Following up on the success of last semester’s trip to Chengde, this month my language program whisked us off to Pingyao for a quick early-summer cultural excursion. Pingyao is perhaps the most famous of China’s “ancient cities,” and it is known in particular for having a remarkably well-preserved set of city walls.
Unfortunately, we discovered that the charms of a Chinese old town are not necessarily well-suited to exploration by tour group. Instead of alternating our rambles with beers from one of Pingyao’s many backpacker cafes, we were shepherded posthaste from the city walls to “China’s original bank,” and from there to an ancient government office, preserved through the Cultural Revolution because it was still in use as the center of government.
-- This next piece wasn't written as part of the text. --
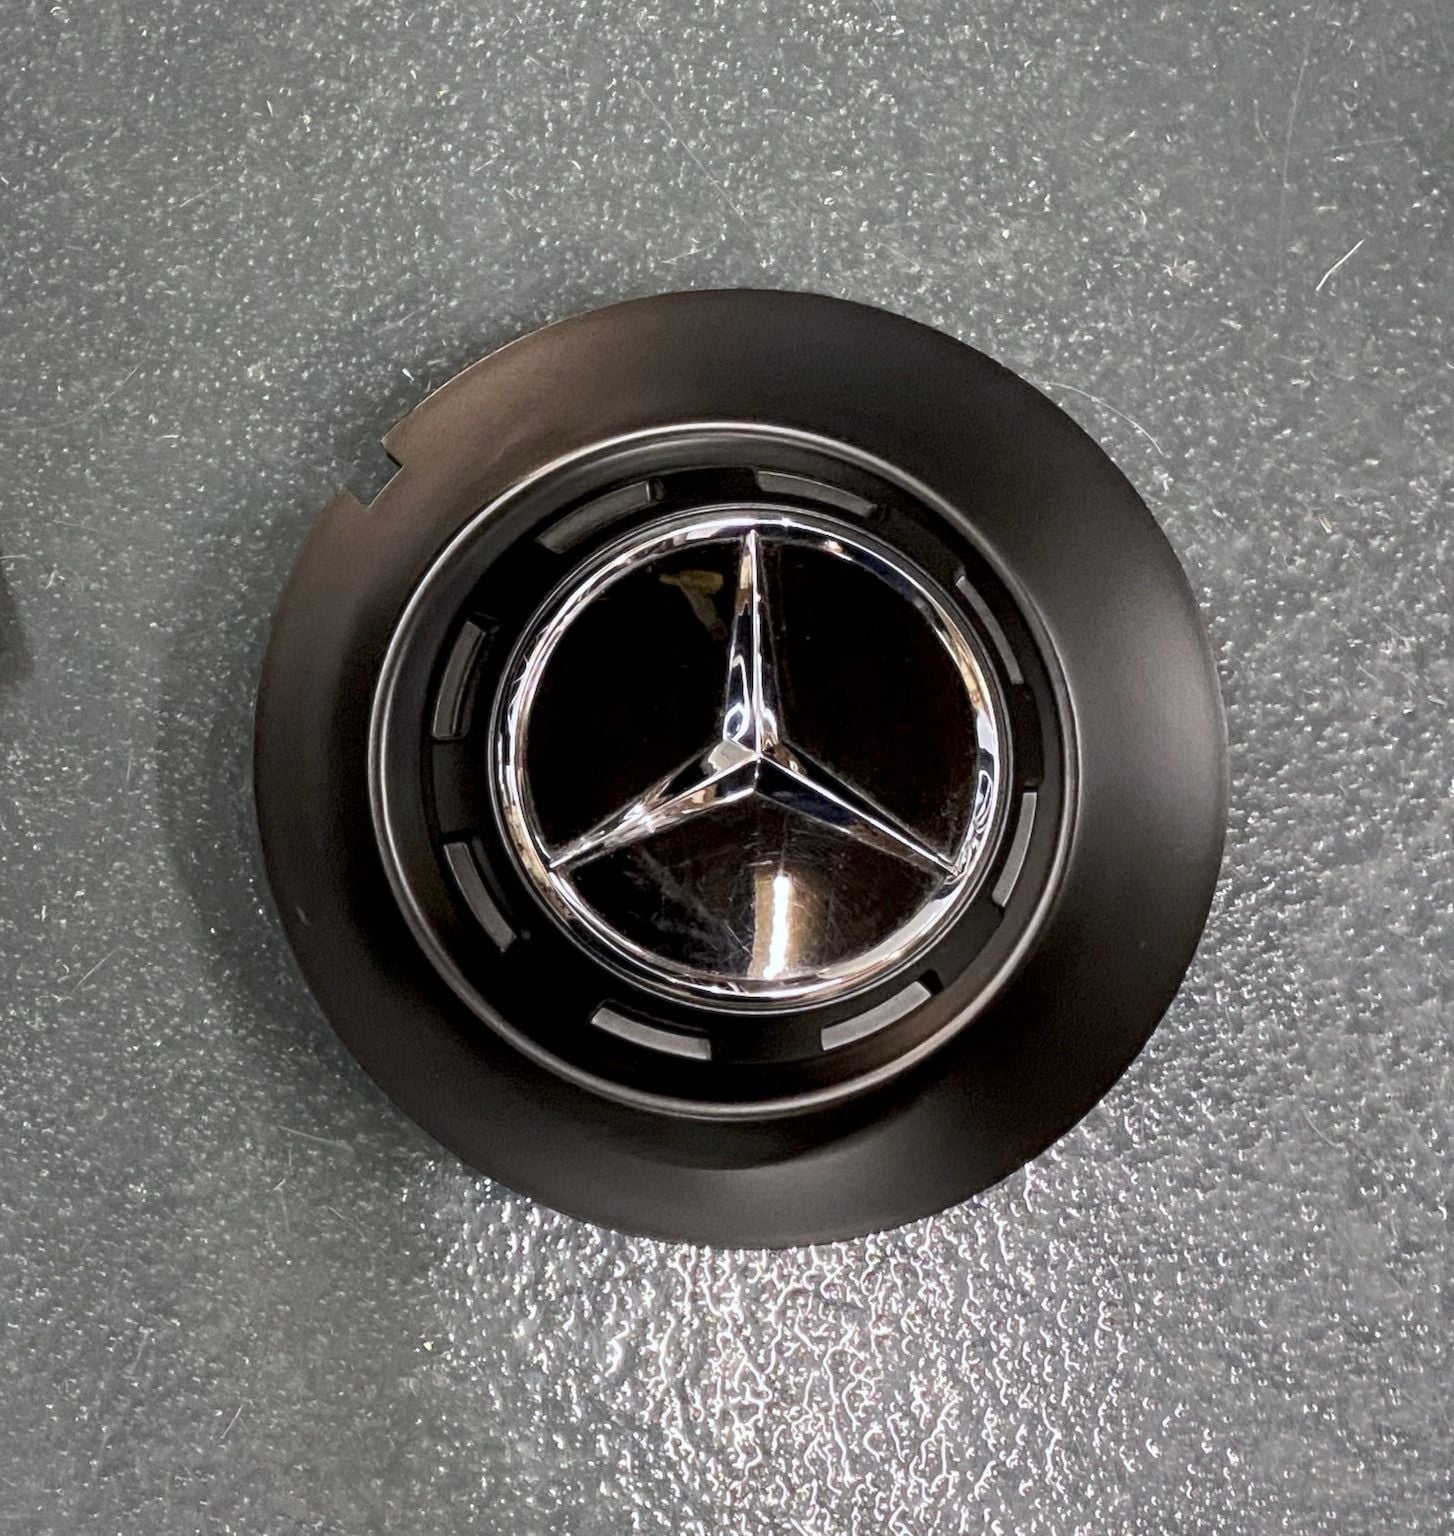 Wheels and Tires/Axles - AMG C63 S 19" Cross-Spoke Wheels + Like-New Winter Tires - Used - 2016 to 2021 Mercedes-Benz C63 AMG S - Vancouver, BC V4M1L8, Canada

It’s hard to appreciate the ancient architecture when you’re struggling to stay in earshot of your guide and to resist being swept along with another group of tourists in matching hats.
But we did have plenty of opportunities to sample Shanxi’s traditionally noodle-heavy cuisine, as the province belongs to China’s wheat-eating north. We nibbled noodles in every shape and size, from long ribbons to “cat’s ears” to tubular buckwheat noodles were initially mistaken for offal. By the end of the weekend even this noodle-lover proclaimed herself done with them forever, a resolution that barely lasted two days.
The undisputed highlight of our weekend was a bus trip out to the Wang Family Compound, a miraculously well-preserved Qing-era residential complex that once belonged to a family of Shanxi merchants. Wooden and stone carvings abound in the vast compound, which boasts more than 1000 rooms and 54 courtyards. Best of all, many of the rooms are furnished, so you can actually imagine what it might have been like to live there. This was also where being on a group tour showed its benefits — as the complex lies about an hour’s drive away from Pingyao with no convenient public transportation, I imagine that many independent travelers don’t take the trouble to make it out there. But if you’re in Pingyao, it is absolutely worth the trip, even if you have to hook up with a hostel-organized tour to make it!